Why this audit exists in May 2026
In April 2026, Cloudflare announced Project Think and OpenAI shipped its updated Agents SDK on the same day. Both reframe the agent as a long-running runtime, not a chat conversation. The runtime fetches your page, parses it, maybe executes some JavaScript, maybe negotiates a Markdown variant, maybe finds an MCP Server Card, maybe finds an Agent Skills index, and decides what to put in front of the model. The model picks citations from whatever the runtime hands it.
That is the shift the agent runtime post covers in depth. The implication for your site is that you are no longer being graded by ChatGPT or Claude. You are being graded by the runtime that fetches you on behalf of an agent that ChatGPT or Claude is operating inside. The runtime cares about machine-readable signals: well-known endpoints, response headers, content negotiation, structured manifests. None of that was in the SEO playbook eighteen months ago. Most of it is still missing on most sites.
Cloudflare's Agent Readiness Score is the cleanest single articulation of that surface I have seen. The Agent Ready Audit at /tools/agent-ready-audit/ is the browser-side implementation that lets you measure it on demand without waiting on a third-party scan queue.

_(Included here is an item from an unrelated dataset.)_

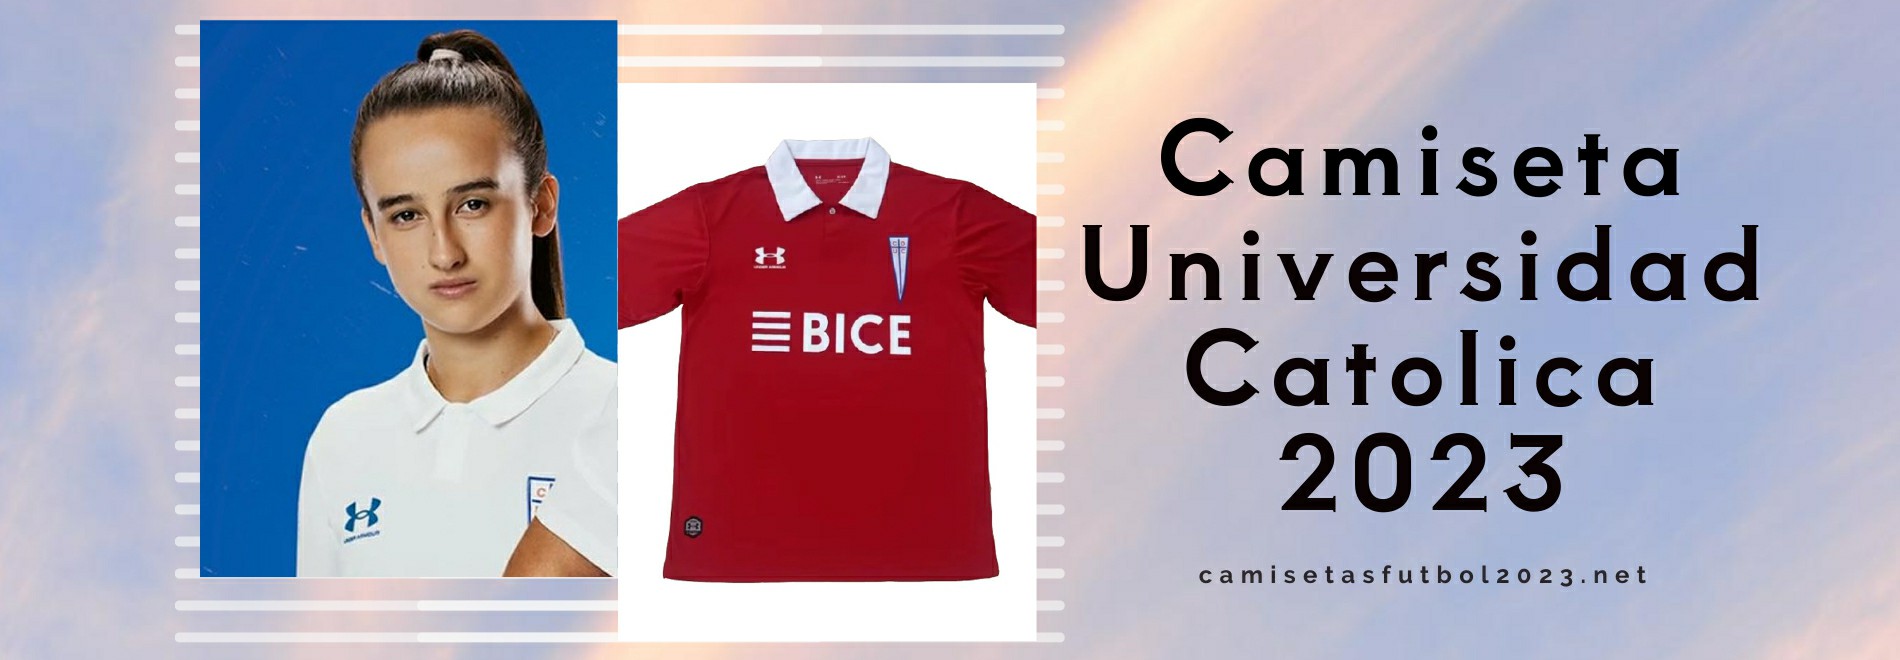 Camiseta Universidad Catolica 2023-2024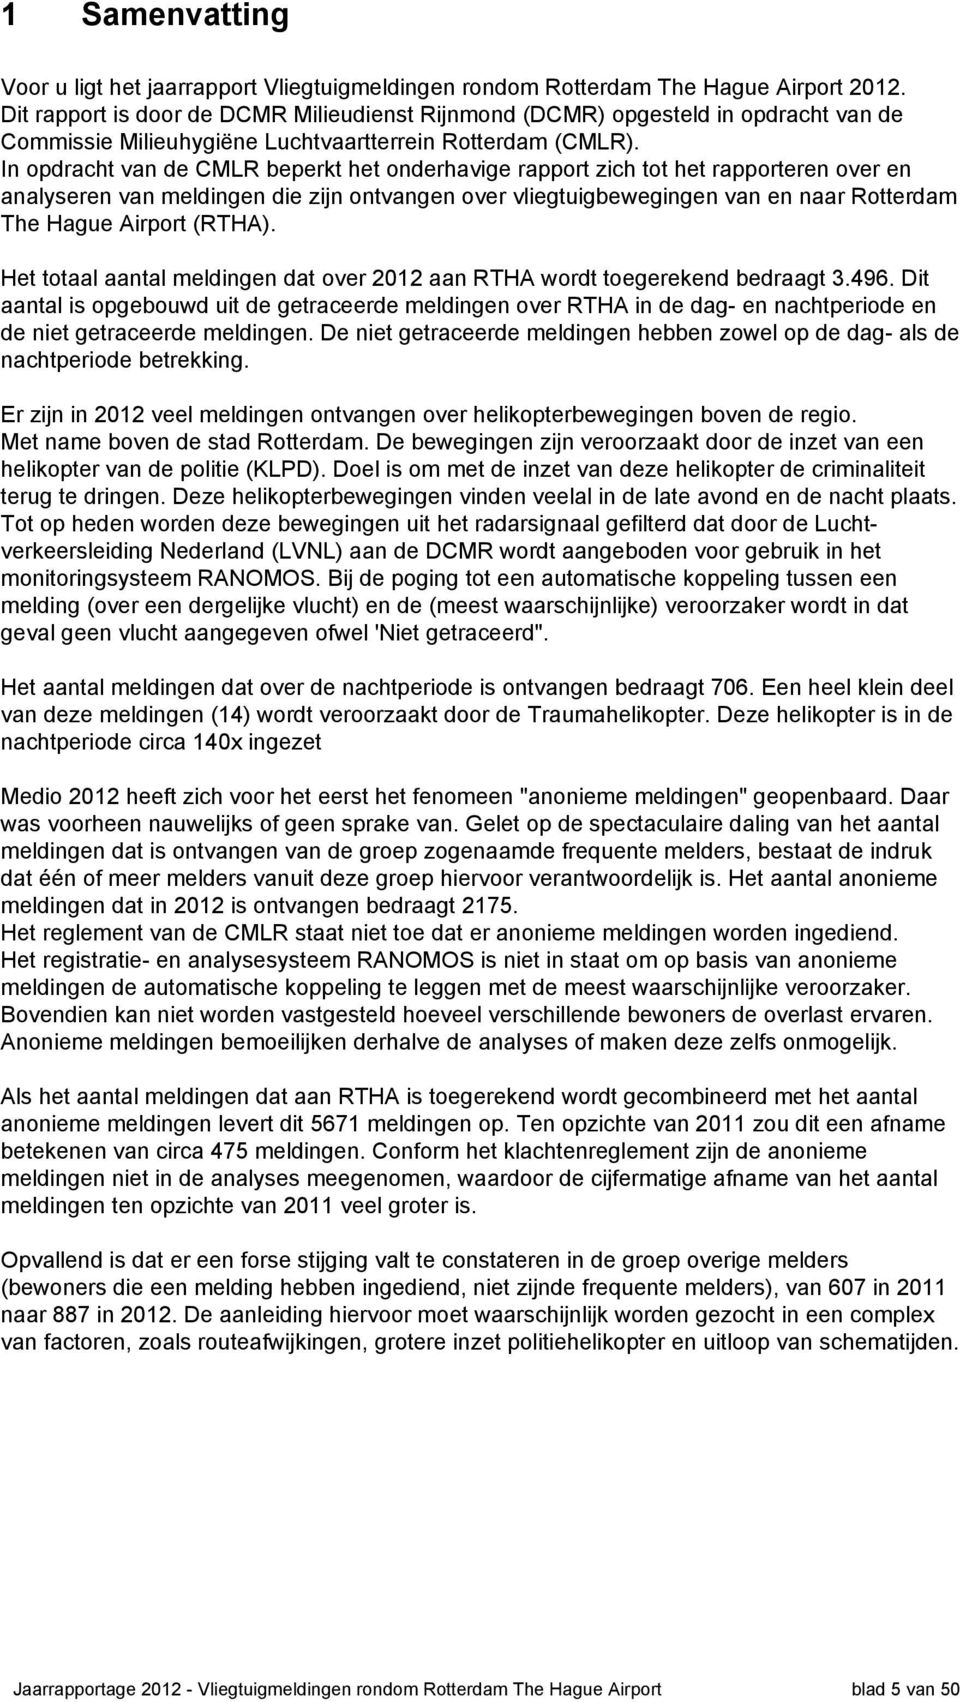 In opdracht van de CMLR beperkt het onderhavige rapport zich tot het rapporteren over en analyseren van meldingen die zijn ontvangen over vliegtuigbewegingen van en naar Rotterdam The Hague Airport

The thirteen probes, in order
The five categories and the probes inside them:
Discoverability. Three probes. robots.txt (RFC 9309), Sitemap discovery, Link response headers (RFC 8288). Together they answer the question "can an agent find your discovery resources without parsing your HTML."
Content. One probe. Markdown content negotiation. Does your origin honor Accept: text/markdown and return a Markdown variant? Cloudflare ships this as a one-toggle feature; origin servers can implement it directly.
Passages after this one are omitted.